I Know You Love Me — Now Let Me Die

by Louis M. Profeta MD
Emergency Physician


In the old days, she would be propped up on a comfy pillow, in fresh cleaned sheets under the corner window where she would in days gone past watch her children play. Soup would boil on the stove just in case she felt like a sip or two. Perhaps the radio softly played Al Jolson or Glenn Miller, flowers sat on the nightstand, and family quietly came and went.

These were her last days. Spent with familiar sounds, in a familiar room, with familiar smells that gave her a final chance to summon memories that will help carry her away. She might have offered a hint of a smile or a soft squeeze of the hand but it was all right if she didn’t. She lost her own words to tell us that it’s OK to just let her die, but she trusted us to be her voice and we took that trust to heart.

You see, that’s how she used to die. We saw our elderly different then.

We could still look at her face and deep into her eyes and see the shadows of a soft, clean, vibrantly innocent child playing on a porch somewhere in the Midwest during the 1920s perhaps. A small rag doll dances and flays as she clutches it in her hand. She laughs with her barefoot brother, who is clad in overalls, as he chases her around the yard with a grasshopper on his finger. She screams and giggles. Her father watches from the porch in a wooden rocker, laughing while mom gently scolds her brother.

We could see her taking a ride for the first time in an automobile, a small pickup with wooden panels driven by a young man with wavy curls. He smiles gently at her while she sits staring at the road ahead; a fleeting wisp of a smile gives her away. Her hands are folded in her lap, clutching a small beaded purse.

We could see her standing in a small church. She is dressed in white cotton, holding hands with the young man, and saying, “I do.” Her mom watches with tearful eyes. Her dad has since passed. Her new husband lifts her across the threshold, holding her tight. He promises to love and care for her forever. Her life is enriched and happy.

We could see her cradling her infant, cooking breakfast, hanging sheets, loving her family, sending her husband off to war, and her child to school.

We could see her welcoming her husband back from battle with a hug that lasts the rest of his life. She buries him on a Saturday under an elm, next to her father. She marries off her child and spends her later years volunteering at church functions before her mind starts to fade and the years take their toll and God says:

It’s time to come home.”

This is how we used to see her before we became blinded by the endless tones of monitors and whirrs of machines, buzzers, buttons and tubes that can add five years to a shell of a body that was entrusted to us and should have been allowed to pass quietly propped up in a corner room, under a window, scents of homemade soup in case she wanted a sip.

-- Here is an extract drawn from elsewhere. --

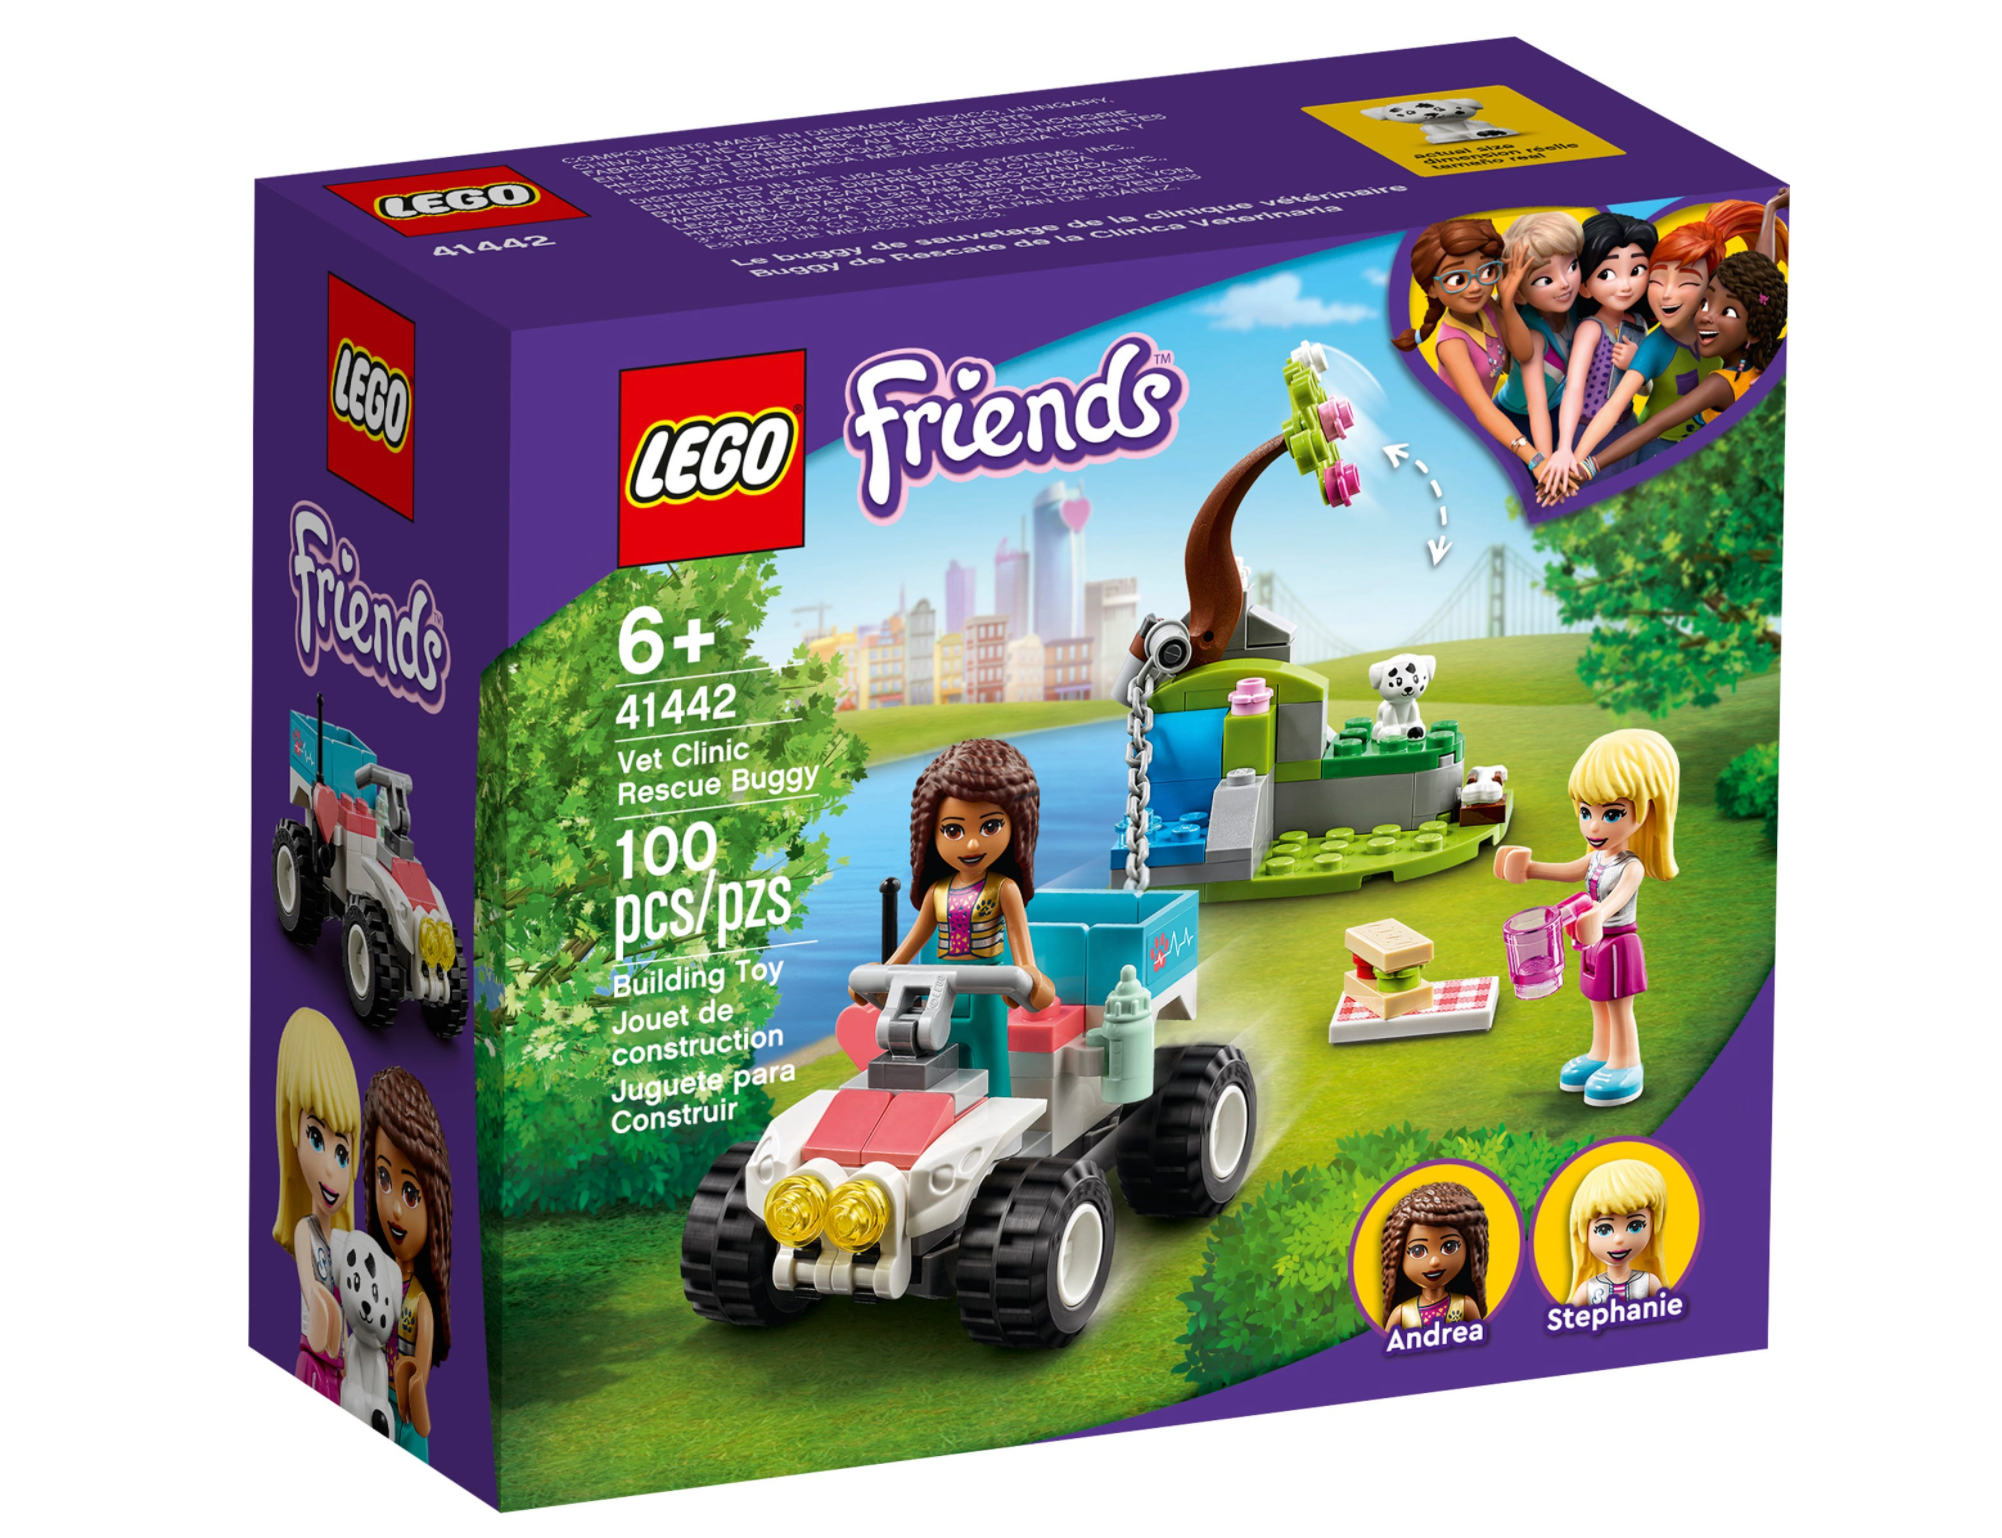 LEGO: Friends - Vet Clinic Rescue Buggy

You see now we can breathe for her, eat for her and even pee for her. Once you have those three things covered she can, instead of being gently cradled under that corner window, be placed in a nursing home and penned in cage of bed rails and soft restraints meant to "keep her safe."

She can be fed a steady diet of Ensure through a tube directly into her stomach and she can be kept alive until her limbs contract and her skin thins so much that a simple bump into that bed rail can literally open her up until her exposed tendons are staring into the eyes of an eager medical student looking for a chance to sew.

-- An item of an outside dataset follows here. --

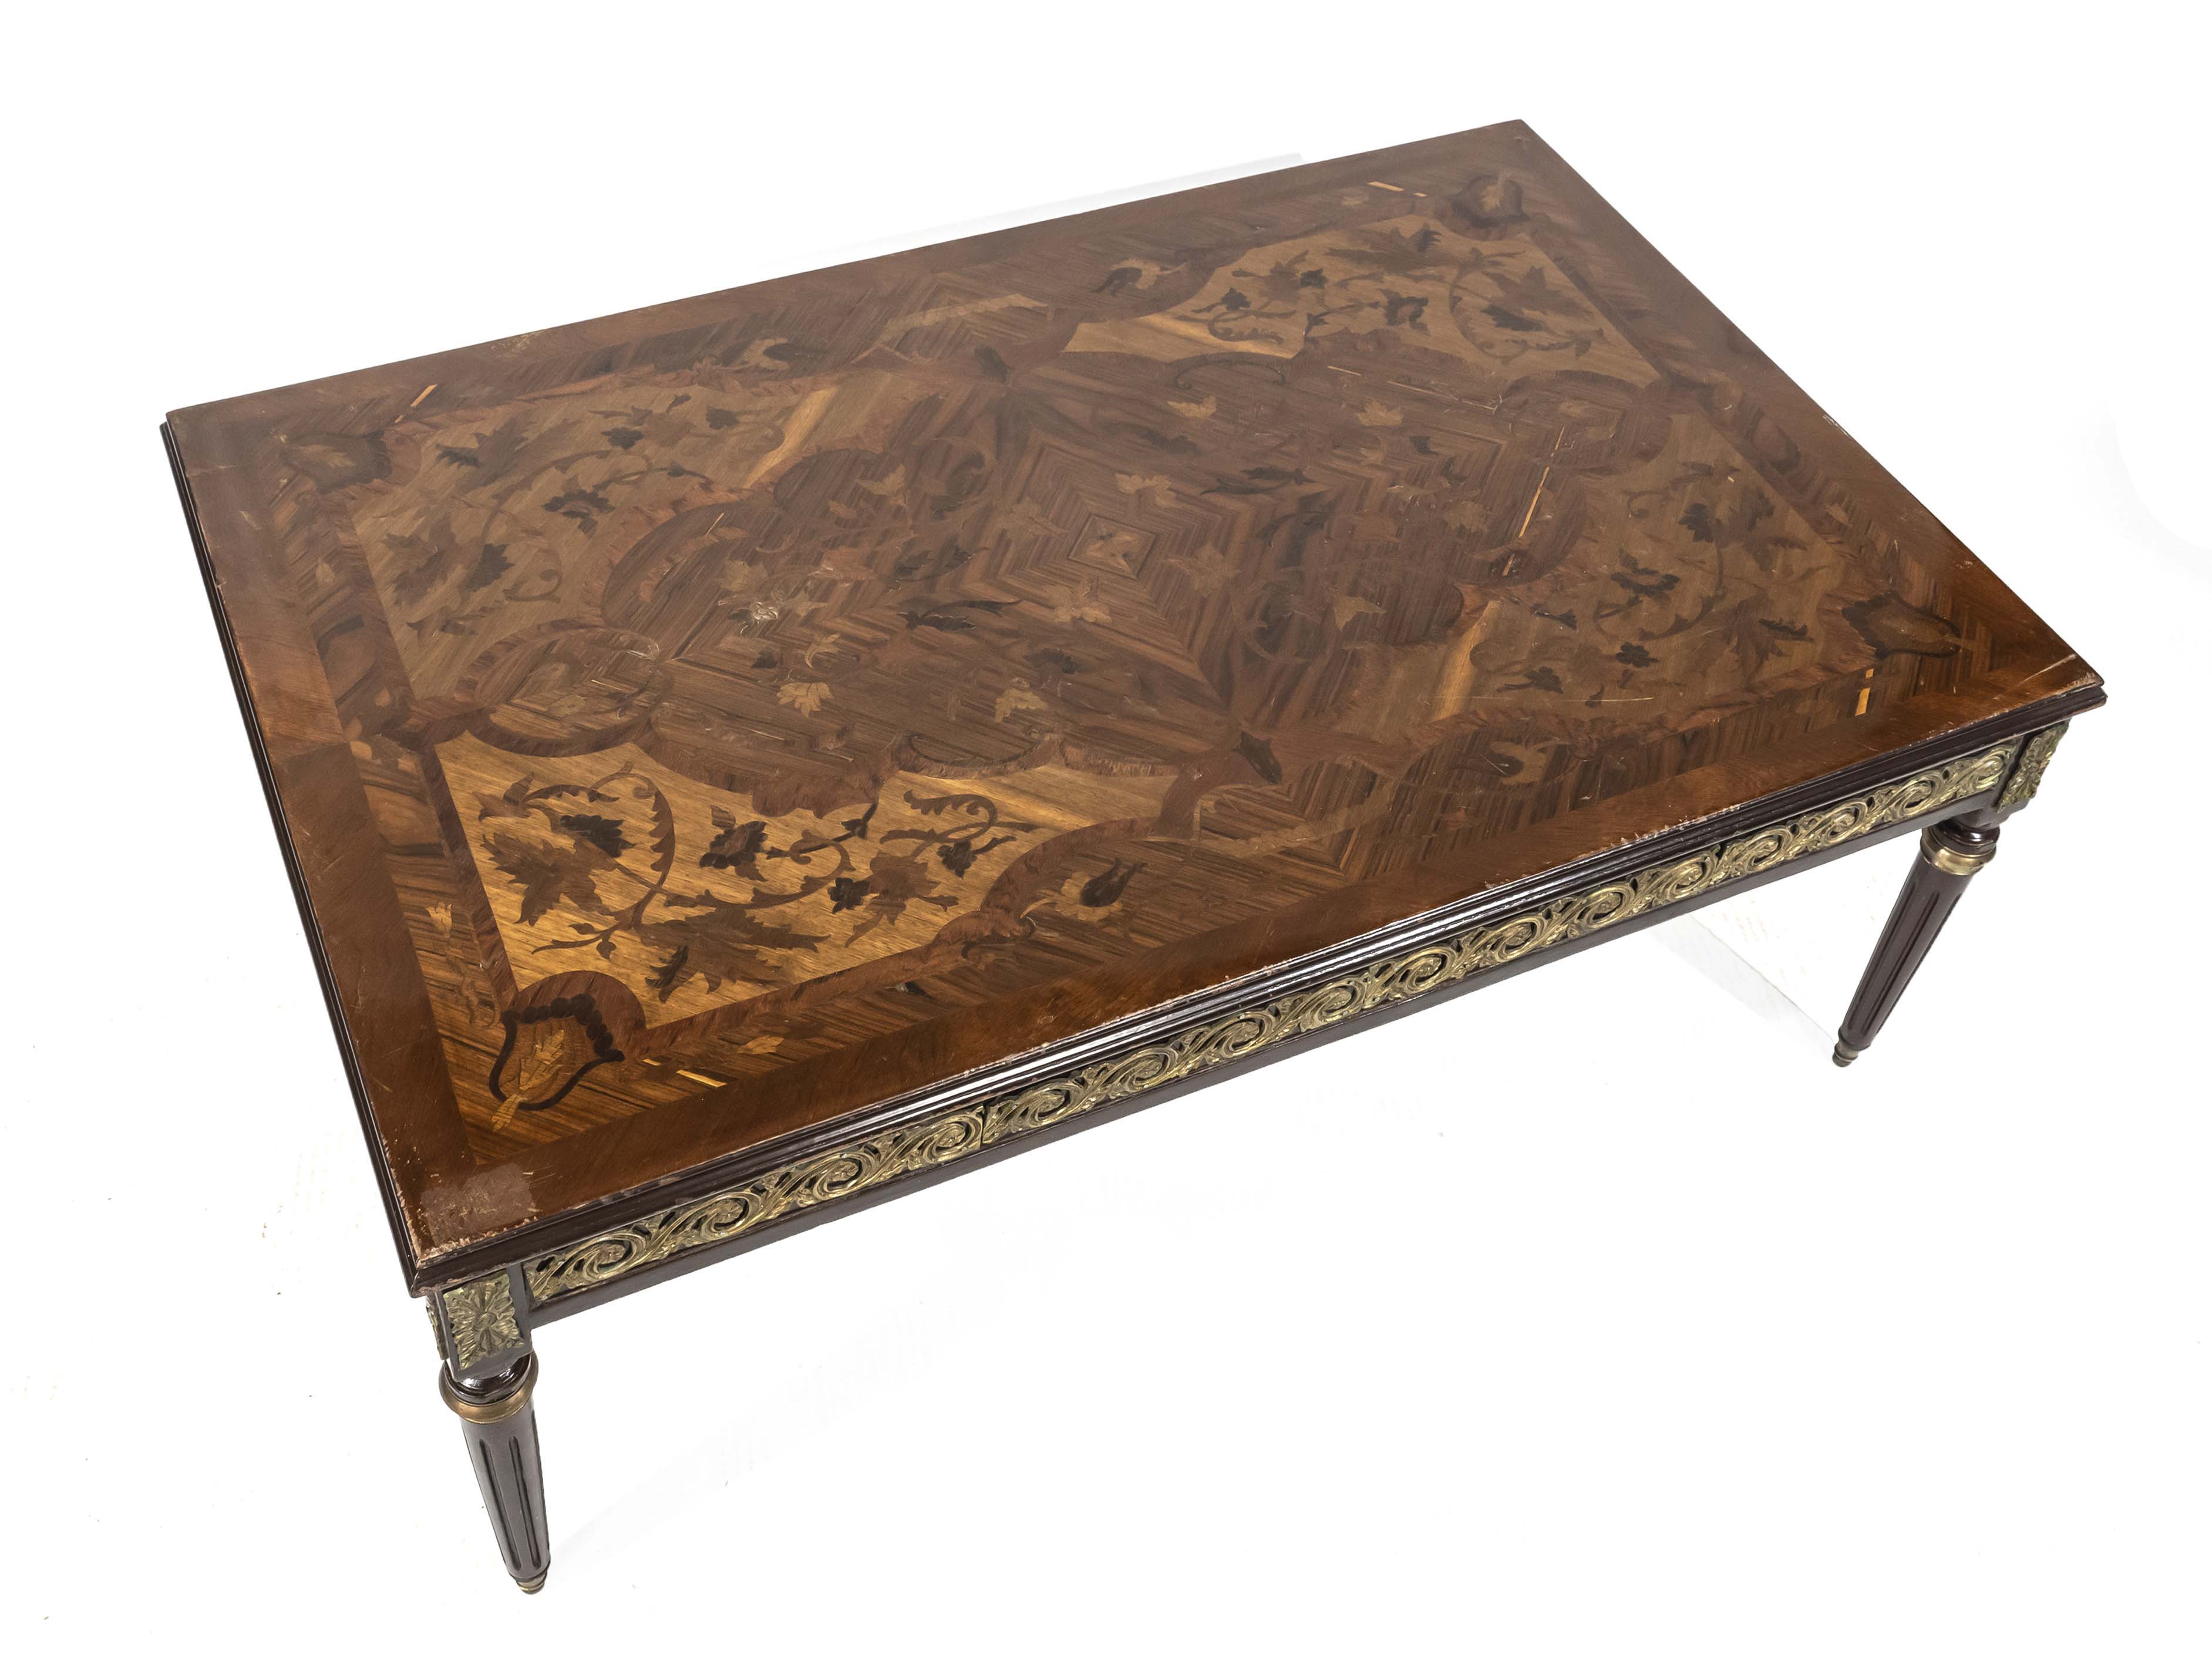 Coffee table in Louis-Seize style, late 20th century, mahogany veneered and inlaid with other - Image 2 of 3

She can be kept alive until her bladder is chronically infected, until antibiotic resistant diarrhea flows and pools in her diaper so much that it erodes her buttocks. The fat padding around her tailbone and hips are consumed and ulcers open up exposing the underlying bone, which now becomes ripe for infection.

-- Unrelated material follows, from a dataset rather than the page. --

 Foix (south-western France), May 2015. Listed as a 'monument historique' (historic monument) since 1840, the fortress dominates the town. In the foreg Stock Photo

We now are in a time of medicine where we will take that small child running through the yard, being chased by her brother with a grasshopper on his finger, and imprison her in a shell that does not come close to radiating the life of what she once had. We stopped seeing her, not intentionally perhaps, but we stopped.

This is not meant as a condemnation of the family of these patients or to question their love or motives, but it is meant be an indictment of a system that now herds these families down dead-end roads and prods them into believing that this is the new norm and that somehow the old ways were the wrong ways and this is how we show our love.

A day does not go by where my partners don’t look at each other and say, “How do we stop this madness? How do we get people to let their loved ones die?”

I’ve been practicing emergency medicine for close to a quarter of a century now and I’ve cared for countless thousands of elderly patients. I, like many of my colleagues, have come to realize that while we are developing more and more ways to extend life, we have also provided water and nutrients to a forest of unrealistic expectations that have real-time consequences for those frail bodies that have been entrusted to us.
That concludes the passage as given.